Russian literature is depressing, people say, and they have not even read The Golovlyov Family by Shchedrin* (1876).  It may be the bleakest novel I have ever read.  Eh, probably not, but one of them.  The book is, of course, a comedy.  If it were all meant seriously it would be too easy to laugh at it, but as a comedy it is truly grim.

The Golovlyov Family is the story of a family destroyed by the meaninglessness of everything.  Arina Petrovna Golovlyov and her offspring waste their pointless lives and then die miserably, one by one, mostly one per chapter.  Life has no meaning, but it is well-organized.

Golovlyovo – that was death itself, cruel, greedy death, that is forever stalking a fresh victim…  All deaths, all poison, all sickness – all came from here.  (318)

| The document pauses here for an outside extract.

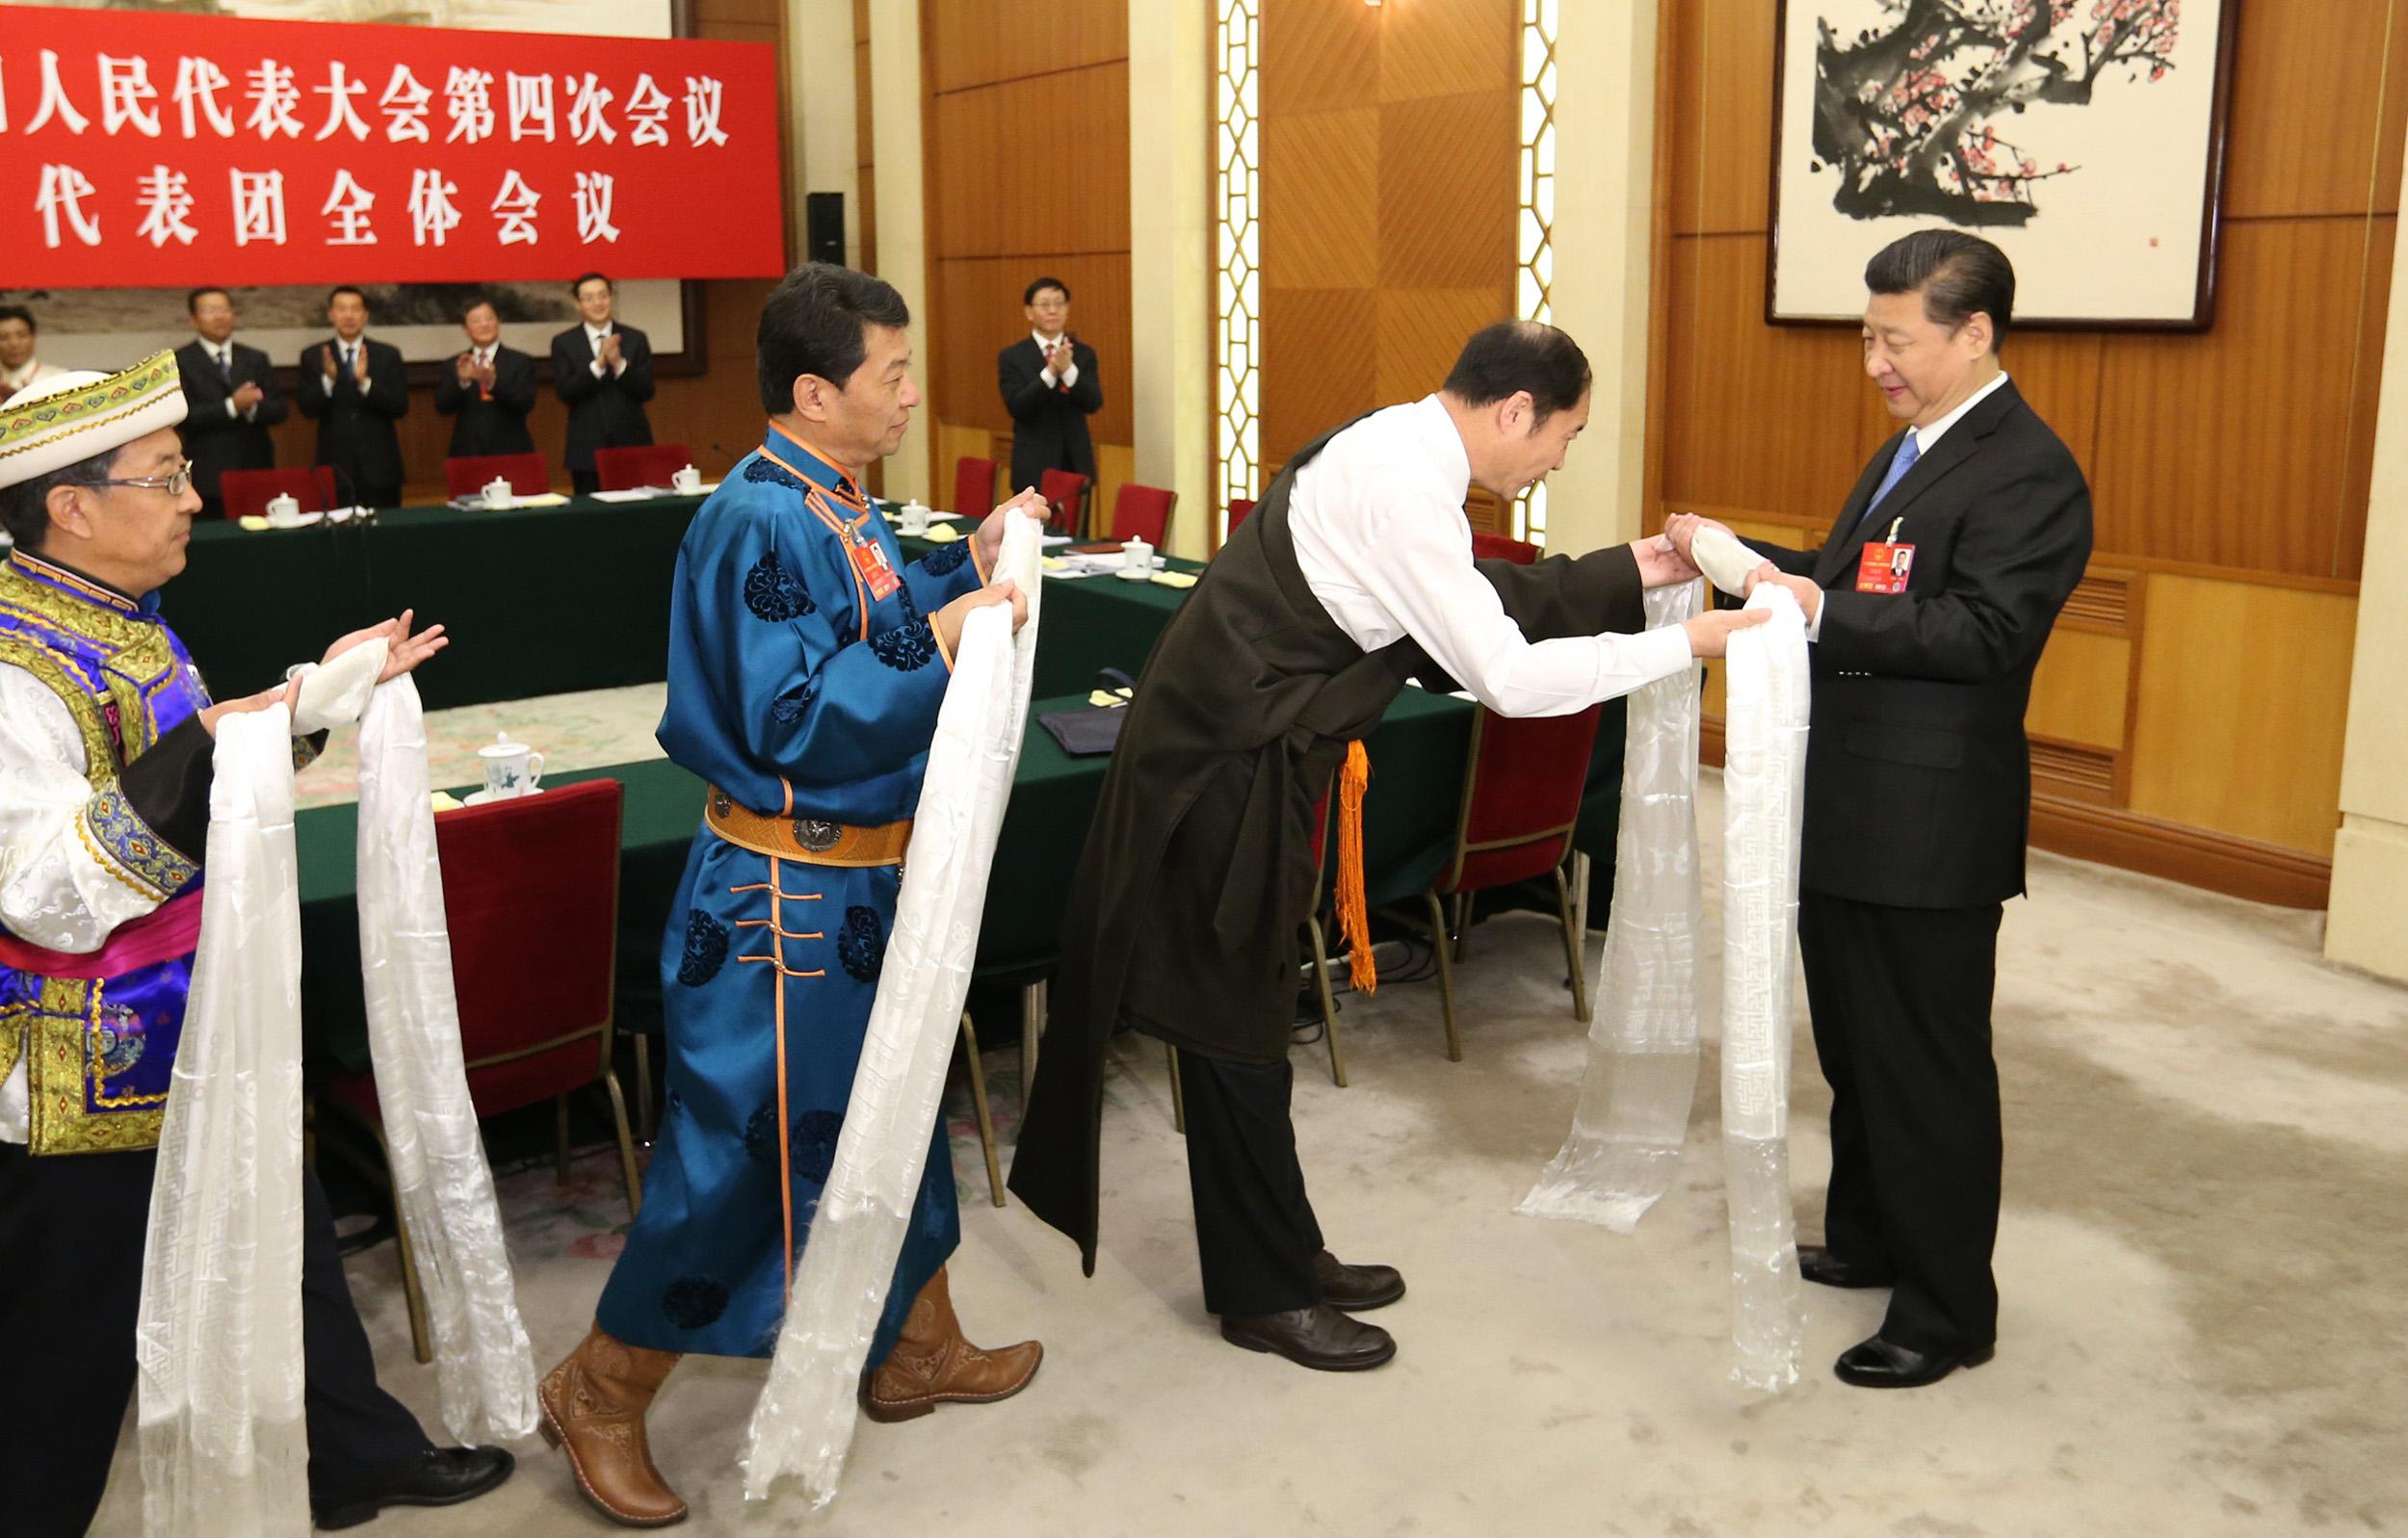 青海团代表向习近平总书记献哈达 共话民族大团结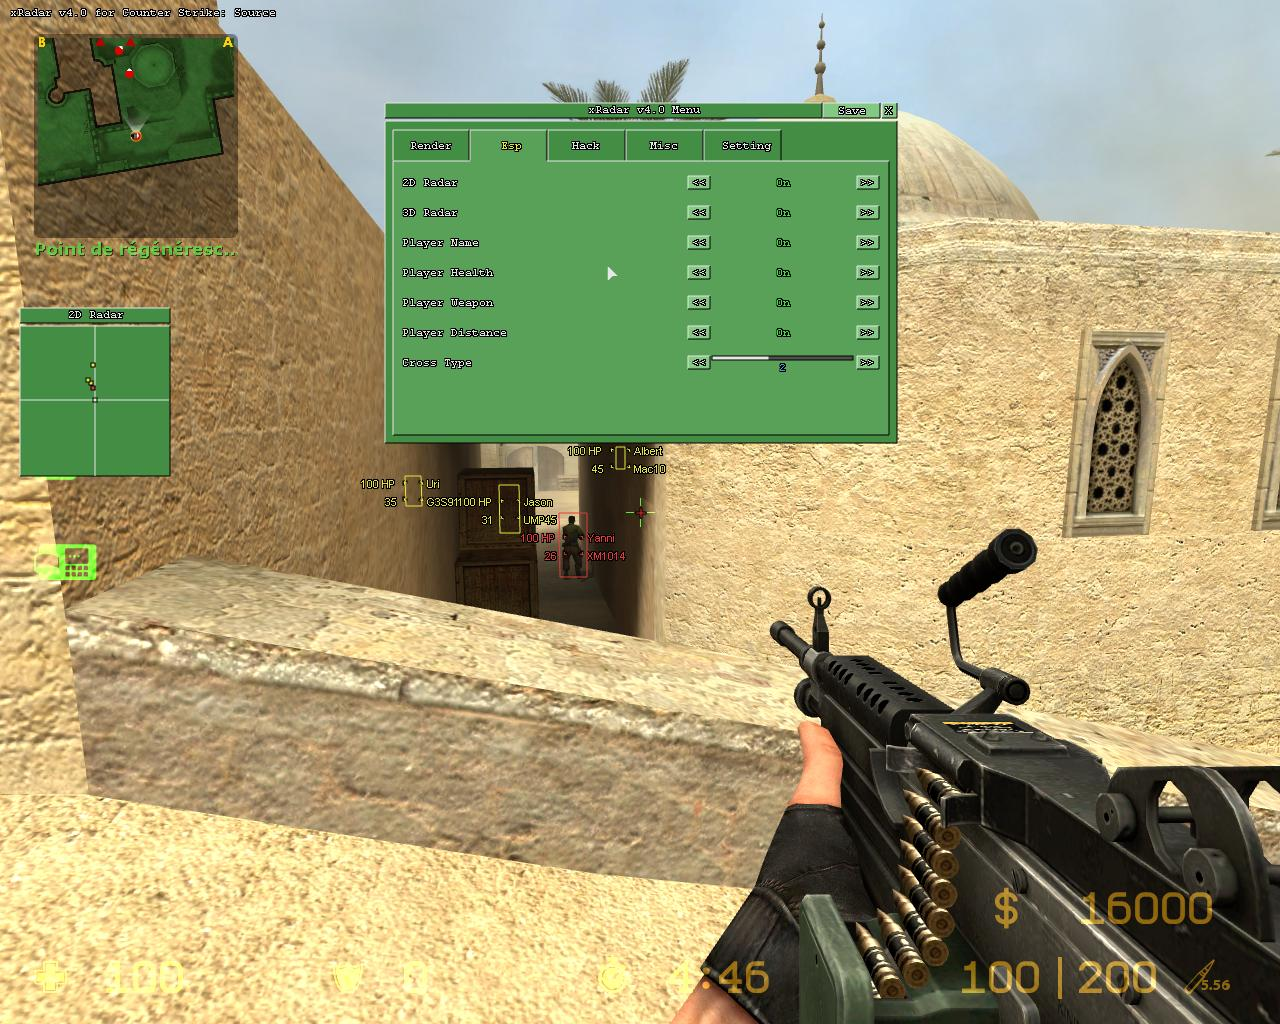 sv_cheats 1 cs go aimbot

At first – no, for quite a while – I did not think this novel had much to do with the Turgenev \ Chernyshevsky \ Dostoevsky chain we will all have so much fun with in April, but I see now that I was wrong.  Shchedrin, a famous satirist, has watched fifteen years of debate about nihilists and thought: you want nihilism, I’ll give you real nihilism.

Sorrow and joy, love and hate, did not exist for him: the whole world was in his eyes merely something dead that simply provided one with an opportunity for an endless flow of talk.  (151)

This is Shchedrin’s most original creation, Porphyry Golovlyovo, the hypocrite, if “hypocrite” is a sufficiently strong word.  Porphyry does not mean what he says, about religion or family or work, not because he is hiding his real meaning but because he never means anything at all.  He just wants to talk.  The line above is in a paragraph about his indifference to his son’s suicide.

Porphyry’s emptiness leads to evil, more from the absence of any other value rather than from maliciousness.  It is the evil of the void.  The story, such as it is, is about a succession of characters falling into the void.  They do not die in agony – that would be a different kind of miserable novel – but slide into the pit.

“Mamma! dearest! bless me!“ [Porphyry, of course, always talking]

But Arina Petrovna did not hear.  Her wide-open eyes gazed dully into space as though she were trying to understand something and could not.  (177)

The back cover of the NYRB edition (tr. Natalie Duddington) invokes William Faulkner and One Hundred Years of Solitude.  The Faulkner feeling was present early, the Faulkner of the almost unbearably horrible or stupid characters of As I Lay Dying, another great comedy, or the decaying Compson family of The Sound and the Fury.  I first thought the comparison to García Márquez was cheating, since he was so influenced by Faulkner, but by the end of Golovlyov it almost seems false that the manor, the estate, and the entire world of the novel do not collapse into the void much like One Hundred Years of Solitude disappears into itself.  Shchedrin instead gets in one last joke.

*  I am honestly confused about how to refer to the author.  Shchedrin is a pseudonym.  James Wood uses it, so I guess I will, too.